Each line from the beginning of the entries below through the line that includes "Копия авгору 8" must be returned exactly as given.

** DATA SHOWN follows **

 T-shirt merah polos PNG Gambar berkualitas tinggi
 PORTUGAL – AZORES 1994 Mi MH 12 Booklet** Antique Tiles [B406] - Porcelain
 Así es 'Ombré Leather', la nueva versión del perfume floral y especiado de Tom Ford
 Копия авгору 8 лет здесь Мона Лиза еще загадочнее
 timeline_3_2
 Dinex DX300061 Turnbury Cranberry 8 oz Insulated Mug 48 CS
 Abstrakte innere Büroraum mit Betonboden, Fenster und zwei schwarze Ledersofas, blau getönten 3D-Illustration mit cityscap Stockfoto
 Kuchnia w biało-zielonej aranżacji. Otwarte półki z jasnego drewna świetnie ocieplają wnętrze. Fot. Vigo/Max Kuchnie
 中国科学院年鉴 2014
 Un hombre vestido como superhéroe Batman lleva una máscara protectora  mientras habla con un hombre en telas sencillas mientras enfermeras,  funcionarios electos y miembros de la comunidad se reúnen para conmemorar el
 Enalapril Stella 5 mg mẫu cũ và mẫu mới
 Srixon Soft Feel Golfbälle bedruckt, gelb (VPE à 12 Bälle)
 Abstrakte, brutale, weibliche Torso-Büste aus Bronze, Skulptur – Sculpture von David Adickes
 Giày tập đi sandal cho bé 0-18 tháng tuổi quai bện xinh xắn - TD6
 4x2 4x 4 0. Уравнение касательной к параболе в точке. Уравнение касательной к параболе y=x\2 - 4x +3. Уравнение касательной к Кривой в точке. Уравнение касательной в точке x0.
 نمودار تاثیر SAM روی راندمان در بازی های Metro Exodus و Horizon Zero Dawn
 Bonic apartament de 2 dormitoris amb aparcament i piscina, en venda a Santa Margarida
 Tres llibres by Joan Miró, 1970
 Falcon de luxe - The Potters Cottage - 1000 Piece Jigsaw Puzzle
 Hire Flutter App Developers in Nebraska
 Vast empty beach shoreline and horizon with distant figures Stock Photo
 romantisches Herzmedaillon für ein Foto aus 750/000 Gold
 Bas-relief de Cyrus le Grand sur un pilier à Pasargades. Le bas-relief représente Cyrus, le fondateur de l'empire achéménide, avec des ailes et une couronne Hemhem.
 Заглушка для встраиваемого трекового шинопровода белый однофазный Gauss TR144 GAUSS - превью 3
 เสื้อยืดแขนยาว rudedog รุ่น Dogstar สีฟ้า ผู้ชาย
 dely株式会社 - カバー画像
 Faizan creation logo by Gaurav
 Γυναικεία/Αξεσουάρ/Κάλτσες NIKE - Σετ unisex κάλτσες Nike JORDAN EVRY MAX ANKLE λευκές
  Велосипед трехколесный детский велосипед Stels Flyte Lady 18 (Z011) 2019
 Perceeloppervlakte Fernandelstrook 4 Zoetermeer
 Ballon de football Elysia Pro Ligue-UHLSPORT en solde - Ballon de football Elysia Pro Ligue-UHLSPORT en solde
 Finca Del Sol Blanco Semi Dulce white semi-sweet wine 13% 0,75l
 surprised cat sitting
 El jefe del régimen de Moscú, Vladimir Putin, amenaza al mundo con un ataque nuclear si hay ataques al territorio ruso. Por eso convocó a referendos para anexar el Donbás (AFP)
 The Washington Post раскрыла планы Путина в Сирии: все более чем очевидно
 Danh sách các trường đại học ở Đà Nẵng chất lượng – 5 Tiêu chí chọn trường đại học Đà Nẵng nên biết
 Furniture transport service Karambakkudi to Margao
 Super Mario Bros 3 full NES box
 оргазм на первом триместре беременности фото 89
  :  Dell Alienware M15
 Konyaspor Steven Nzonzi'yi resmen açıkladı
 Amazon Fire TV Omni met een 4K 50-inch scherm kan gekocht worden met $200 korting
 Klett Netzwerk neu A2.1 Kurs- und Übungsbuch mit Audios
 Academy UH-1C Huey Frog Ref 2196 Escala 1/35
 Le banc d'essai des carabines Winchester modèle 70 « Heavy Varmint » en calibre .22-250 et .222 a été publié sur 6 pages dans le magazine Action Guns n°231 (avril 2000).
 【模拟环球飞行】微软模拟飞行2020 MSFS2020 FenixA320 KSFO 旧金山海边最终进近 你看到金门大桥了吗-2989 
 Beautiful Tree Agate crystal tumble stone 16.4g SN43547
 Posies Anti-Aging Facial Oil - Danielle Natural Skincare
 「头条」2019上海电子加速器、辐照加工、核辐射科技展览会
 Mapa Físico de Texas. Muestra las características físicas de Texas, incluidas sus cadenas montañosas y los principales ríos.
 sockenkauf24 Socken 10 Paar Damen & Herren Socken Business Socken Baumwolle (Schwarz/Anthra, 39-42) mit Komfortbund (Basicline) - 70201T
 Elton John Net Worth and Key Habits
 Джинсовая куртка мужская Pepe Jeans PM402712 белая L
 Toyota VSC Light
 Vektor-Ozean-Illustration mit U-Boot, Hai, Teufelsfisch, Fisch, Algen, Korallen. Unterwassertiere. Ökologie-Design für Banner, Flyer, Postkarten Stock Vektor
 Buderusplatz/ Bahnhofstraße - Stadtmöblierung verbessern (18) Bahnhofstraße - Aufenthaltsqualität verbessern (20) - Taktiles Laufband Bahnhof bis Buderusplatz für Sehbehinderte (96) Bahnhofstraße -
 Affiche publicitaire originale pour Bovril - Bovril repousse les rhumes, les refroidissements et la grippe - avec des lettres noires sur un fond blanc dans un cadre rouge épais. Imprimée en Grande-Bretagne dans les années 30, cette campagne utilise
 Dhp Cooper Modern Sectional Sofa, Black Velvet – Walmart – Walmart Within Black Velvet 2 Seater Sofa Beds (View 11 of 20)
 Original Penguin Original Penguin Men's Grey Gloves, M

** End of DATA SHOWN **

TASK SOLUTION:
 T-shirt merah polos PNG Gambar berkualitas tinggi
 PORTUGAL – AZORES 1994 Mi MH 12 Booklet** Antique Tiles [B406] - Porcelain
 Así es 'Ombré Leather', la nueva versión del perfume floral y especiado de Tom Ford
 Копия авгору 8 лет здесь Мона Лиза еще загадочнее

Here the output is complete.